Even with experience, things can go wrong. A few years after I took these photos, Judy Berens was attacked by a pair of cheetahs.

Apparently, she was in the enclosure with the cheetahs, just as she was with the leopard when I was there. One of the cats got distracted by a ball that one of the visitors had and went to investigate.

On the way there, the cheetah knocked Judy down.

That was all it took. Both cats attacked her and she ended up in the hospital with multiple bite wounds. Don't mess around with big kitties!

Treating a wild big cat, even the most docile of them, like a domestic cat and petting and playing with it often does not end well for either the human or the cat involved.

Below is a close up picture of the spots on the black leopard.

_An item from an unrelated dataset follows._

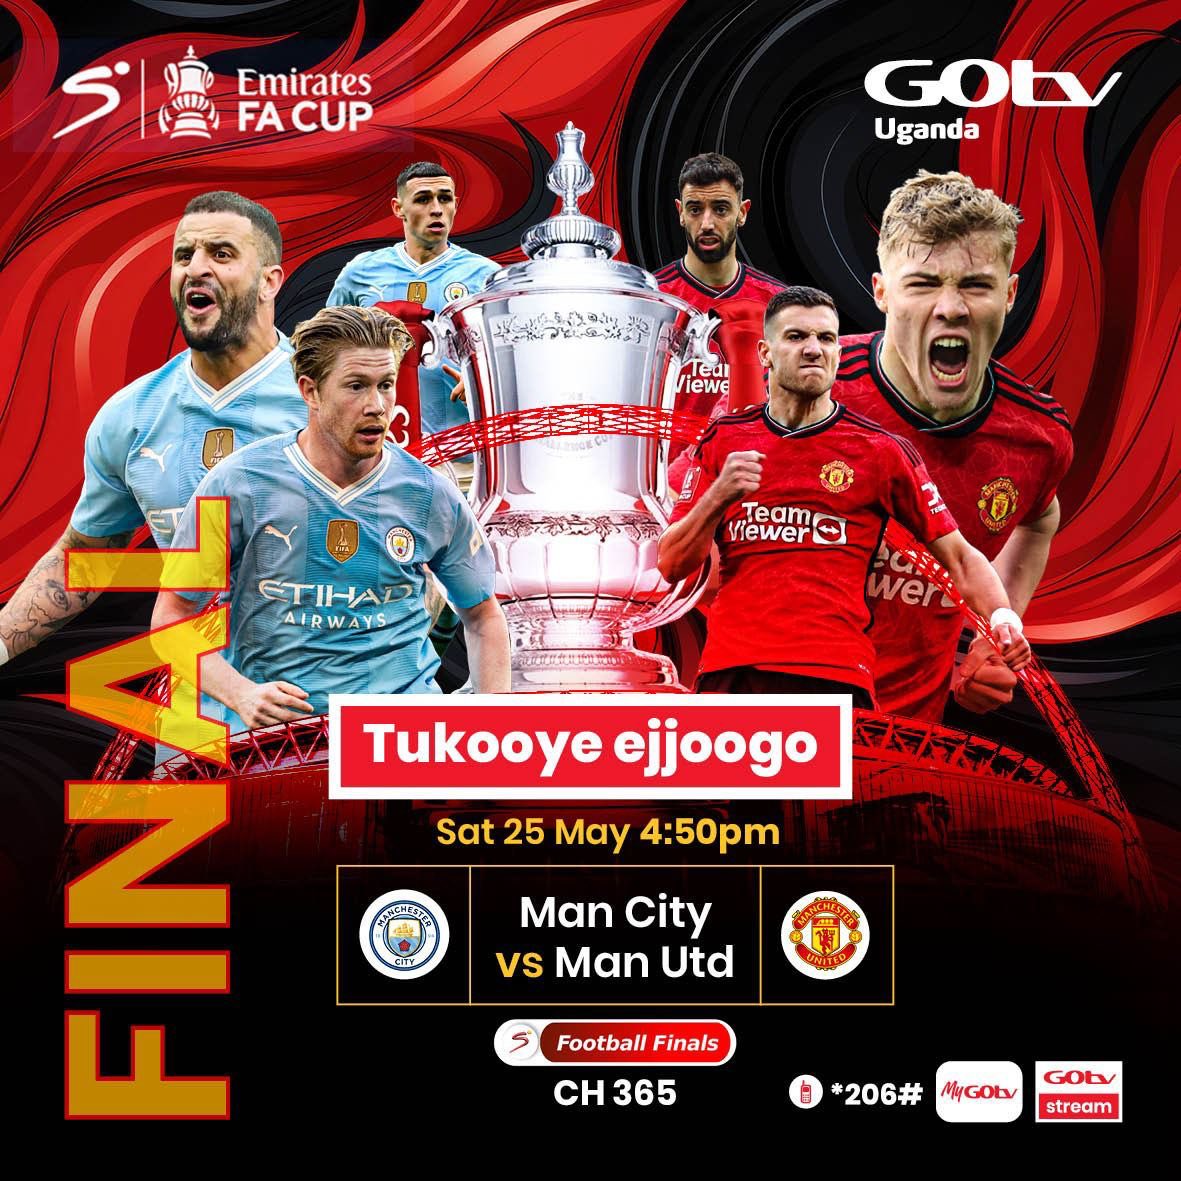 Do you think Man United can grab this trophy away from Man City ? #GOtvFootballMadness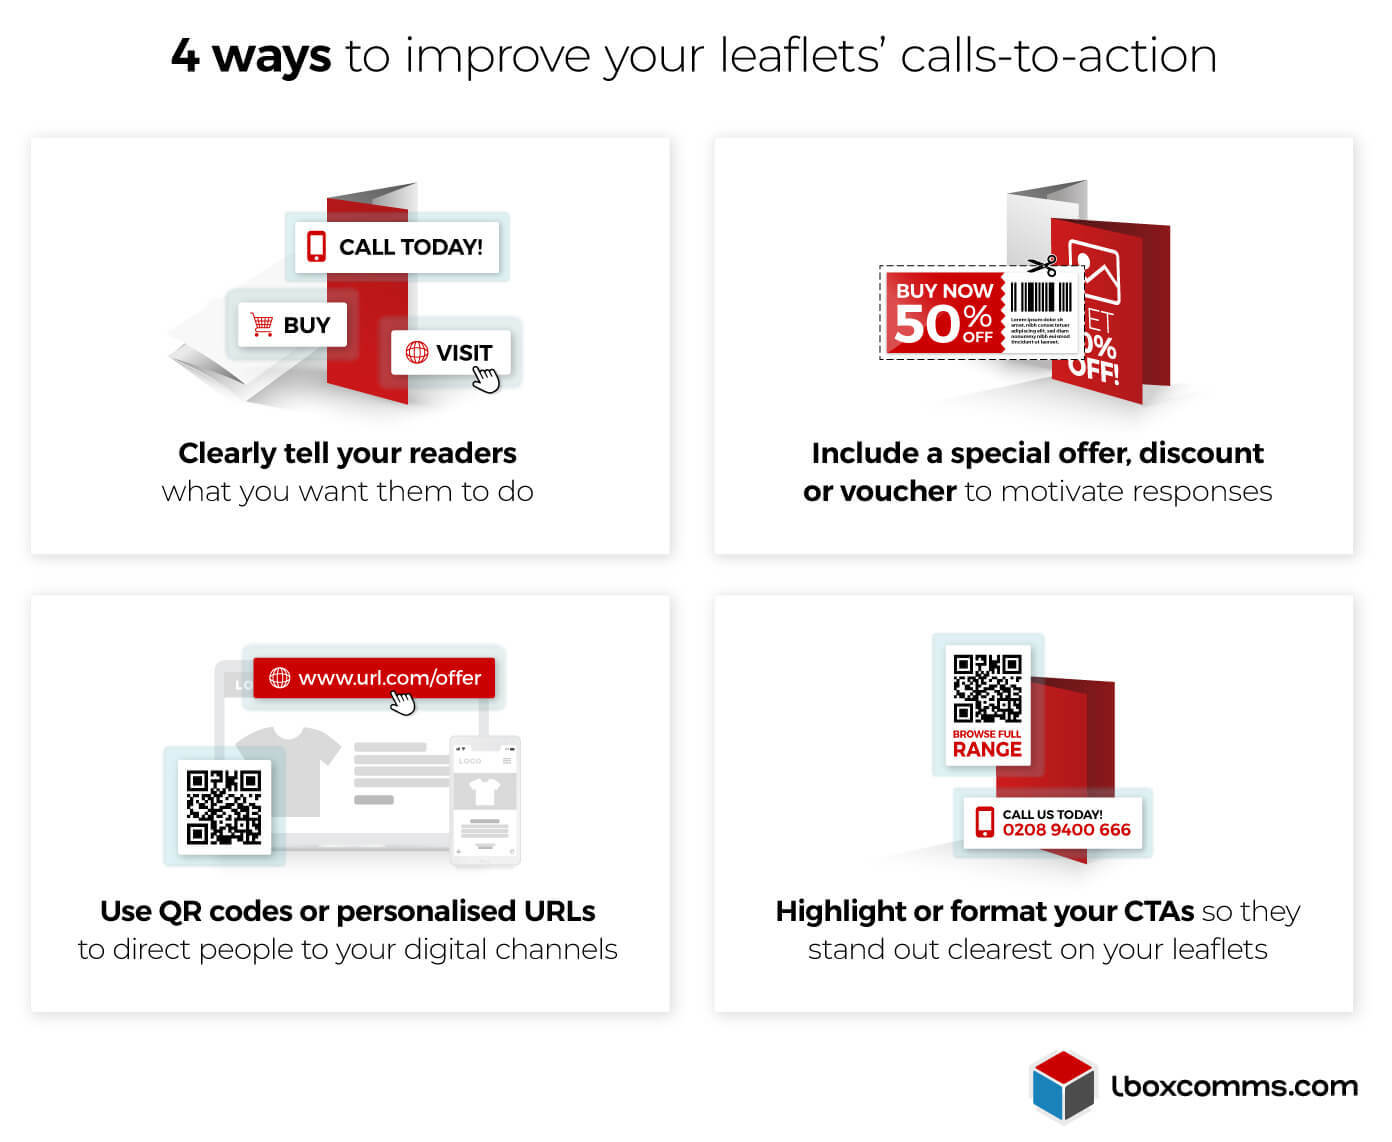 4 ways to improve your leaflets’ calls-to-action

Click the image below to view a larger photo.

The black panther or melanistic leopard has ghost spots

Big Cat Rescue has tons of information on big cats, as well as many more videos on their website, such as this one about one of my favorites, the (melanistic) jaguar.

A jaguar relaxes at BCR

Click the image above to start the video of a jaguar relaxing at Big Cat Rescue.

If you can find it, Spirit of the Wildcat is one of my recommended books with several excellent pictures of both melanistic leopards and melanistic jaguars.

It makes a great coffee table book. I seem to have misplaced my copy at the moment. Perhaps it's here somewhere under all the cat fur.